Figure 11 shows the speedup and energy saving of FloatPIM, on average for the four CNN models, using the fixed point and floating point representation for the CNN training and testing. All results are normalized to Float-32. Our evaluation shows that FloatPIM using bFloat can achieve 2.9× speedup and 2.5× energy savings as compared to FloatPIM using Float-32, while providing similar classification accuracy. In addition, FloatPIM using bFloat model can provide higher efficiency than Fixed-32. For example, FloatPIM using bFloat can achieve 1.5× speedup, 1.42× energy efficiency as compared to Fixed-32.

### 7.4 FloatPIM Training

Figure 12 compares the performance and energy efficiency of Float-PIM with the GPU-based implementation and *PipeLayer* [1] which is a state-of-the-art hardware accelerating CNN training using ISAAC [2] hardware. For PipeLayer, we used read/write latency of 29.31ns/50.88ns and energy of 1.08pJ/ 3.91nJ per spike as reported in the reference paper [1]. In addition, we used  $\lambda=4$  which provides reasonable efficiency.

During training, CNN requires a significantly large memory size to store the feed-forward information of different data points in a batch. For large networks, this information cannot fit on the GPU memory, thus it results in slow training.

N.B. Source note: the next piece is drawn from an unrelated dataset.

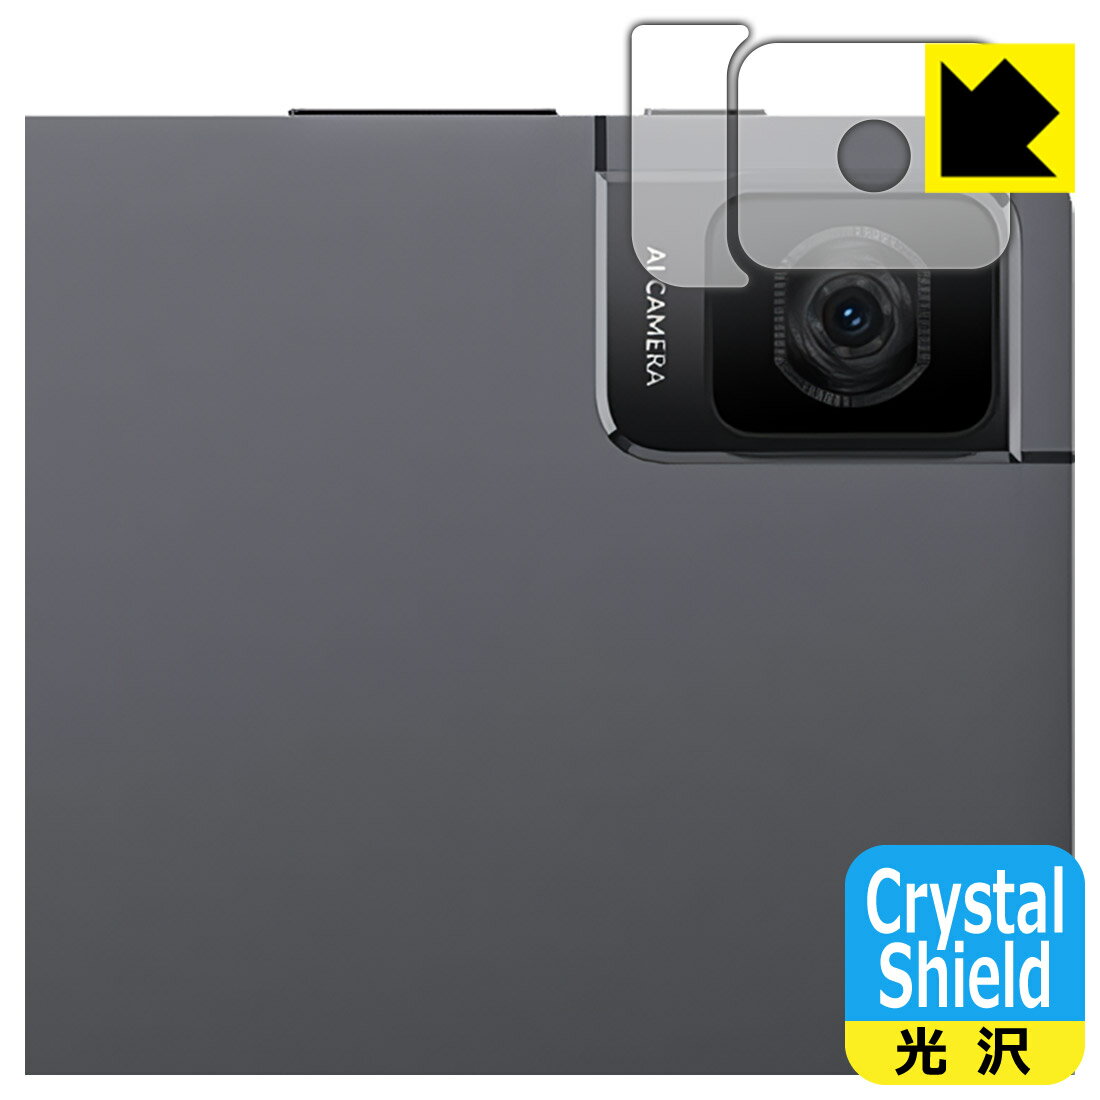 Crystal Shield【光沢】保護フィルム TCL TAB 10 Gen 2 (8496G1) レンズ周辺部用 日本製 自社製造直販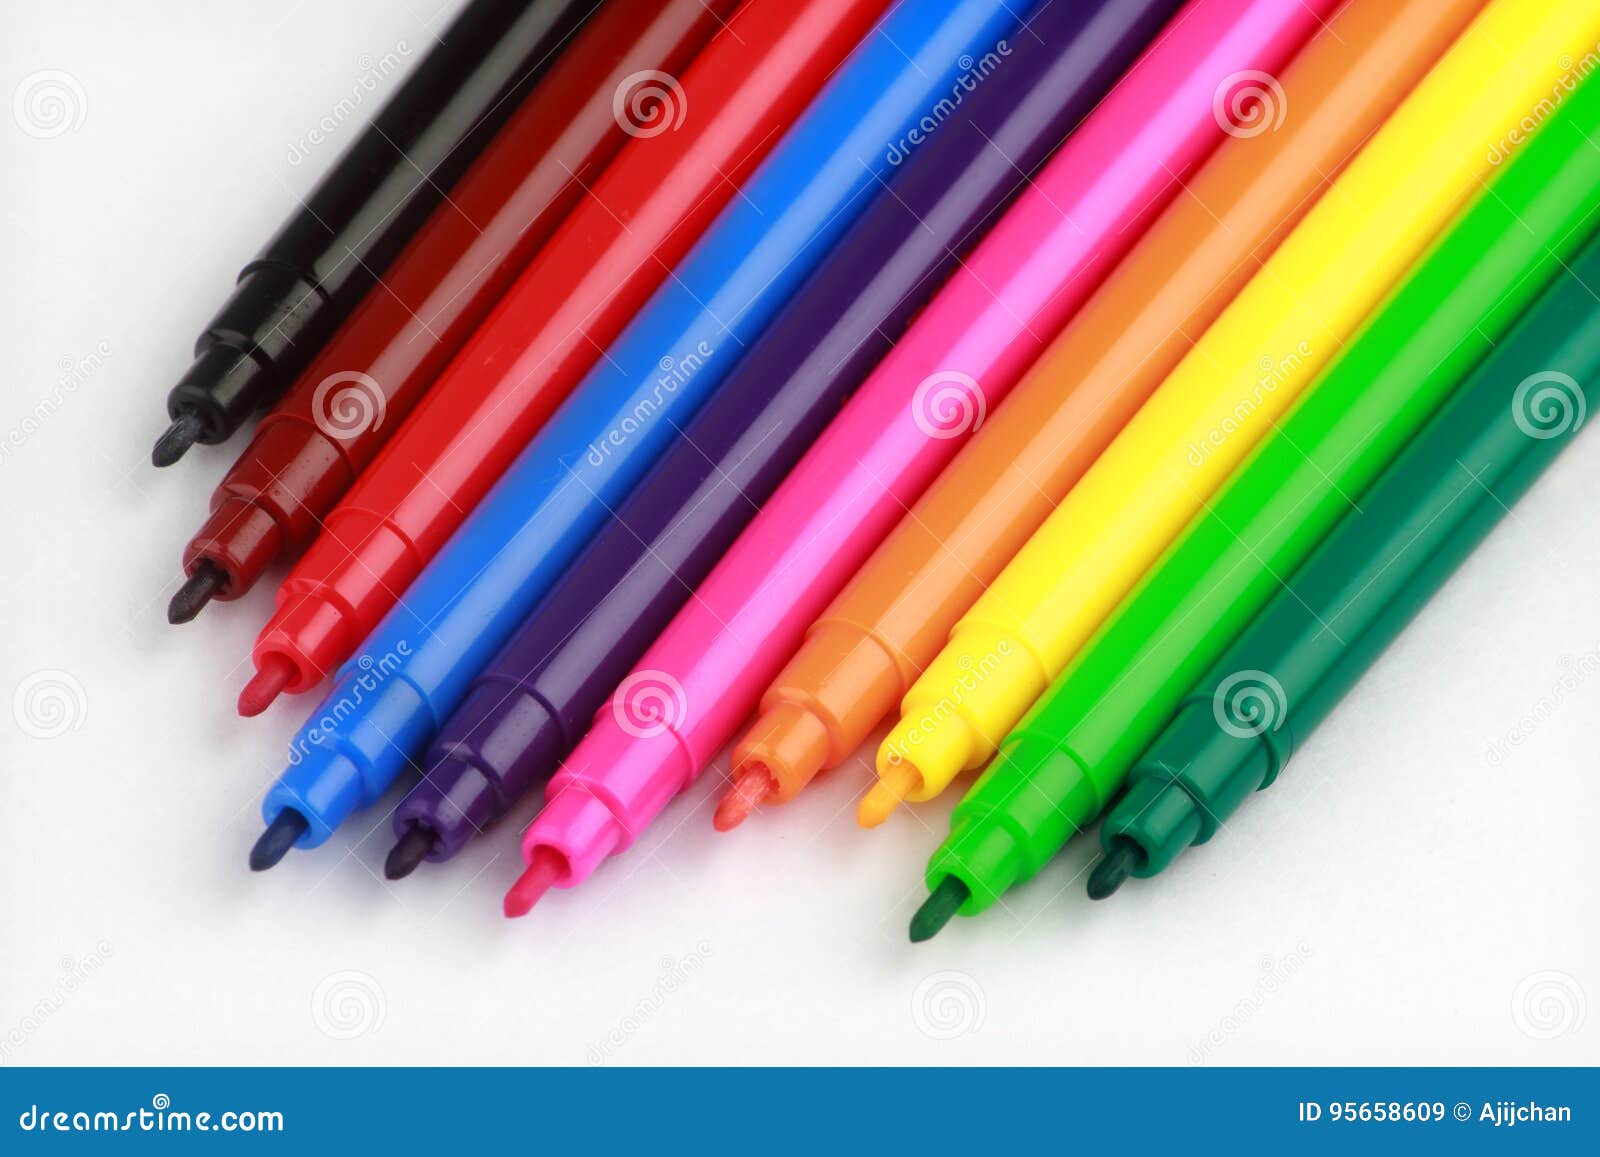 Sketch pens stock image. Image of print, colorscheme - 95658609

Our evaluation shows that



Figure 12: FloatPIM efficiency during training.



Figure 13: FloatPIM efficiency during the testing.

FloatPIM can achieve on average 303.2× speedup and 48.6× energy efficiency in training as compared to GPU-based approach. The higher efficiency of the FloatPIM is more obvious on the CNNs with more number of convolution layers. Figure 12 also compares FloatPIM efficiency over PipeLayer when it enables and disables the in-parallel data transfer between the memory blocks. Our evaluation shows that FloatPIM without parallelized data transfer provides 1.6× lower speedup, but 3.5× higher energy efficiency as compared to the PipeLayer. However, exploiting switches significantly accelerates the FloatPIM computation by removing the internal data movement between the neighboring blocks. Our evaluation shows that FloatPIM enabling in-parallel data transfer can achieve on average 4.3× speedup and 15.8× energy efficiency as compared to PipeLayer. The higher energy efficiency of FloatPIM comes from (i) its digital-based operation which avoids paying the extra cost of transferring data between the digital and analog/spike domain; (ii) the higher density of the FloatPIM which enables significantly better parallelism. The PipeLayer computing precision is bounded to fixed point operations, while FloatPIM provides the floating point precision which is essential for the highly accurate CNN training.

## 7.5 FloatPIM Testing

Figure 13 compares the performance and energy consumption of FloatPIM with NVIDIA GPU and ISAAC [2] which is the state-of-the-art PIM-based DNN accelerator. ISAAC works at 1.2GHz and uses 8-bits ADC, 1-bit DAC, 128×128 array size where each memristor cell stores 2 bits. We used the same parameters reported on the paper for the implementation [2]. We used FloatPIM (32-Tiles configuration) with and without in-parallel data transfer between the memory blocks. All execution time and energy results are normalized to GPU results. Our evaluation shows that both PIM-based architectures, i.e., ISAAC and FloatPIM, have significantly higher

efficiency than GPU, since they address the data movement issue which is the main computation bottleneck of the conventional cores.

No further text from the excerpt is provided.